Is some of it a scam as to whether to cancel for wx vs a controllable cancel? Probably, but most are honestly just good customer service. I'd rather my flight cancel before I go sit at the airport for 6 hours waiting on an aircraft that won't make it because the blizzard timed the crew out.
 
Every airline has their own policies and strategies for wx cancellations. As a few have said, it is not the lone dispatcher who makes the official call to cancel. If they have any concerns about the flight (unable to dispatch) they communicate that to usually the Dispatch Coordinators, Superintendents of Dispatch (SODs), or whatever that airline calls them. Those people then make the cancellations in conjunction with operational management. I've seen one airline pre-cancel 18-24 hours out while others won't cancel till the airport is NOTAM'd closed or below landing mins. When prepping for a Wx event it comes down to impact and confidence of impact. For major winter storms, the fine details of timing and impact don't become somewhat solid till really 1-2 days out and some airlines will pre-cancel once they are confident. On the other hand, fog is extremely hard to predict (coming from a man who had to forecast fog at DEN). You will almost never see preemptive cancellations due to fog.
 
When I worked in DX, the sups or the DM made the call WRT cancellations; DXers didn't make the decision to cancel. All the DXer did was relay the info to the out station, ATC, etc. Every airline is different and has its own way of doing things, so YMMV...
 
I've also been at a place that had a bunch of MX and as soon as a forecast came out that made a destination illegal, they cancelled that due to weather instead of maintenance. 30 minutes later an updated forecast came out that removed the worst of it but the cancel was already justified.
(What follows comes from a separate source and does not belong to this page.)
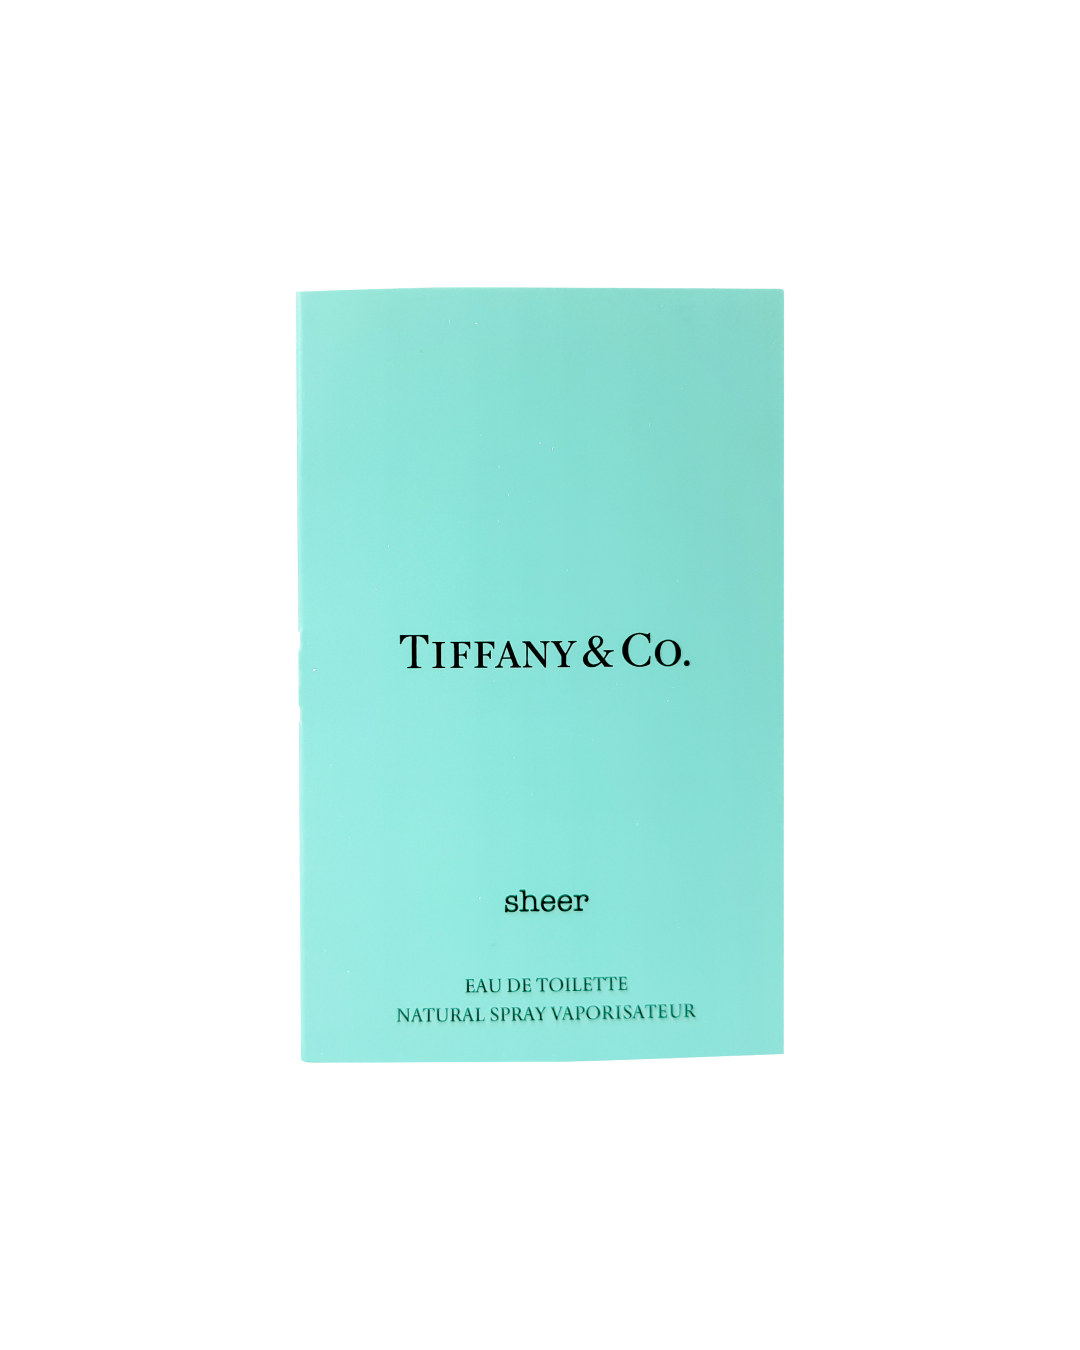 Tiffany & Co. Tiffany Sheer EDT Travel Vial (1.2ml) - Best Buy World Philippines

At a regional you always find a way to make a cancel uncontrollable.
 
You make it sound like the airlines are all like “what flight is crop duster on 2 days from now? Ok yeah he’s trying to go to xyz. FK that guy let’s cxl his flight... yeah there’s probably some clouds that day so cxl for wx.. that’ll really piss him off”

When in reality they are looking at the whole system and analyzing the possible outcomes from each scenario trying to ride it out as long as possible on the decision to cxl or not. They don’t want to cxl and lose the revenue, but like what who’swho mentioned earlier: they don’t want to string you along and then cxl after you are already there and have been getting told for 10 hours by the gate/ops/counter whatever else the other airlines call them, agent that your flight has been delayed again.

Can you think of one industry that provides a service for money that doesn’t occasionally have to disrupt that service, inconveniencing their customer in some way?

At the end of the day sometimes airlines cxl flights and sometimes it is directly or indirectly because of weather. No they most likely won’t provide food vouchers or hotels for that, but they will rebook you or give you your money back and you can move on to plan B.
 
Just remember, as a Part 121 dispatcher, you hold operational control, but not business decisions. What that means for the person that doesn’t seem to understand is that while some regulation says you have the ability to cancel flights, you actually have the ability to relay those wishes to someone who will make a business decision, which is beyond your control. Your job is to make sure your active flights are completed safely, their job is to provide you with flights. You see small scale, they see large scale. Was that clear enough?
 
SouthernJets doesn’t actually cancel. They just delay flights 10 hours or they artificially cancel via a 20L cancel code and build an extra section for completion factor metrics.